Born to kill.
He’d been told that for so long.
“No, man, I know what you
think
you are,” Jasper said with a sigh. “But I tell you this...if a woman like her ever gave me the look—the kind of look I saw her give you—I’d do anything for her.”
He had done anything. He’d given her up. That had been everything. “Don’t push me on this,” Logan warned. He’d hate to have to kick his friend’s butt again.
But Jasper just blinked slowly and kept his smile. “Maybe I should be talking to her, comforting
her.
”
“You stay away from her.”
“Like that, huh?” Before he could answer, Jasper gave him a long, considering look and said, “At twenty-two, I can still see you being a dumb kid who could manage to give her up. But now, after everything you’ve been through, after all we’ve done, I’m betting that sweet slice of paradise is pretty tempting, isn’t it?”

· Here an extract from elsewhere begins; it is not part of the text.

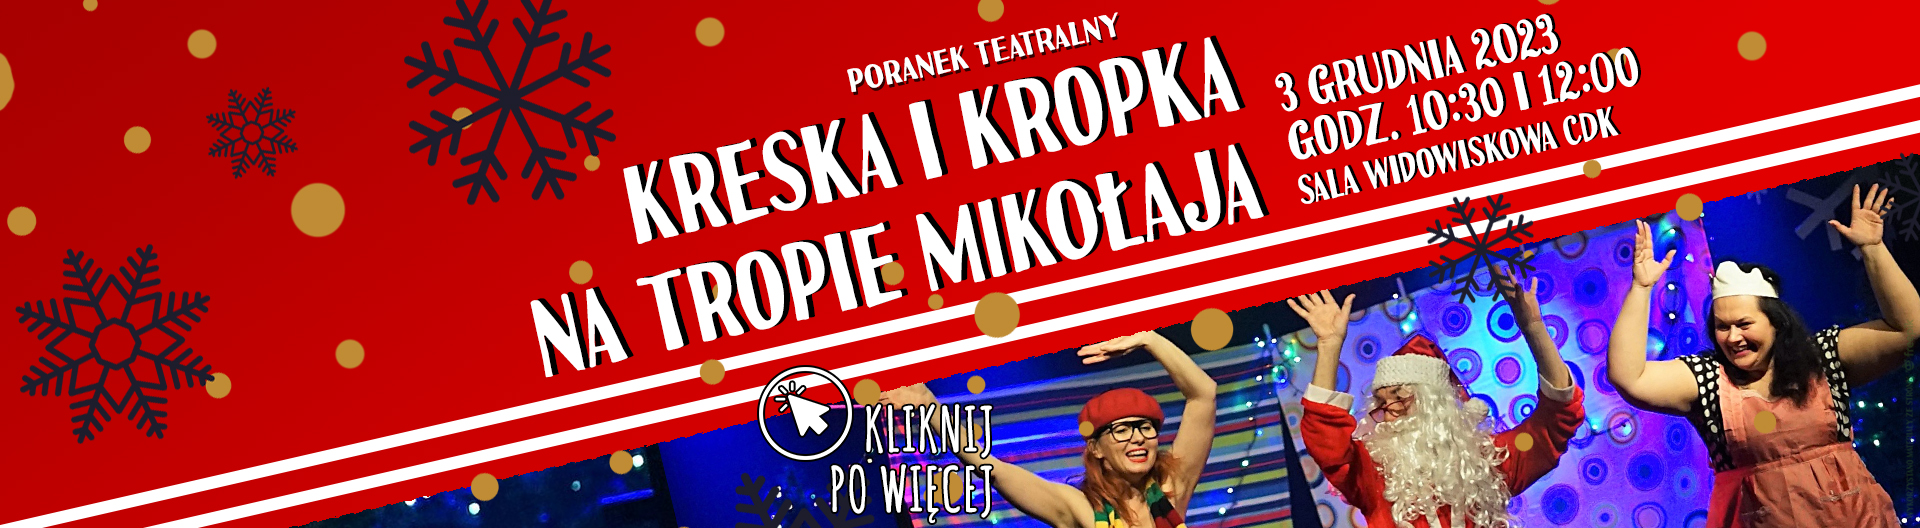 Poranek Teatralny: Kreska i Kropka na tropie Mikołaja - 10:30 i 12:00

She’d tempted him from day one and was still tempting him. When he’d had her beneath him at that cabin. When he’d been touching her skin, feeling her soft flesh beneath his...
“You really think you can let her go again?”
Logan didn’t speak.
Jasper nodded. “Thought so.” Whistling, he stalked away.
This time, Logan didn’t look at his reflection. He didn’t want to see the man who stared back at him. The man who just might be desperate enough to try to force Juliana to stay with him.
Even when he knew she deserved more.
* * *
J
ULIANA SAT ON THE
small bed in the lab room, her head down, staring at the tiled floor. Logan stood in the doorway for a moment, watching her.
But then her head tilted back, and her gaze found his.
Silence, the kind that said too much.
He hesitated, then said, “I’ve got clothes for you. Shoes.” Logan strode forward and put the bag down beside her. Then, because he couldn’t help himself, his hands rose toward her.
She tensed.
“Easy,” he whispered. “I just want to check...” He brushed back her hair, knowing exactly where Liz would have placed the implant. His finger slid up her neck, then slipped around beneath the heavy weight of her hair. The bandage was small, barely an inch long, and flat.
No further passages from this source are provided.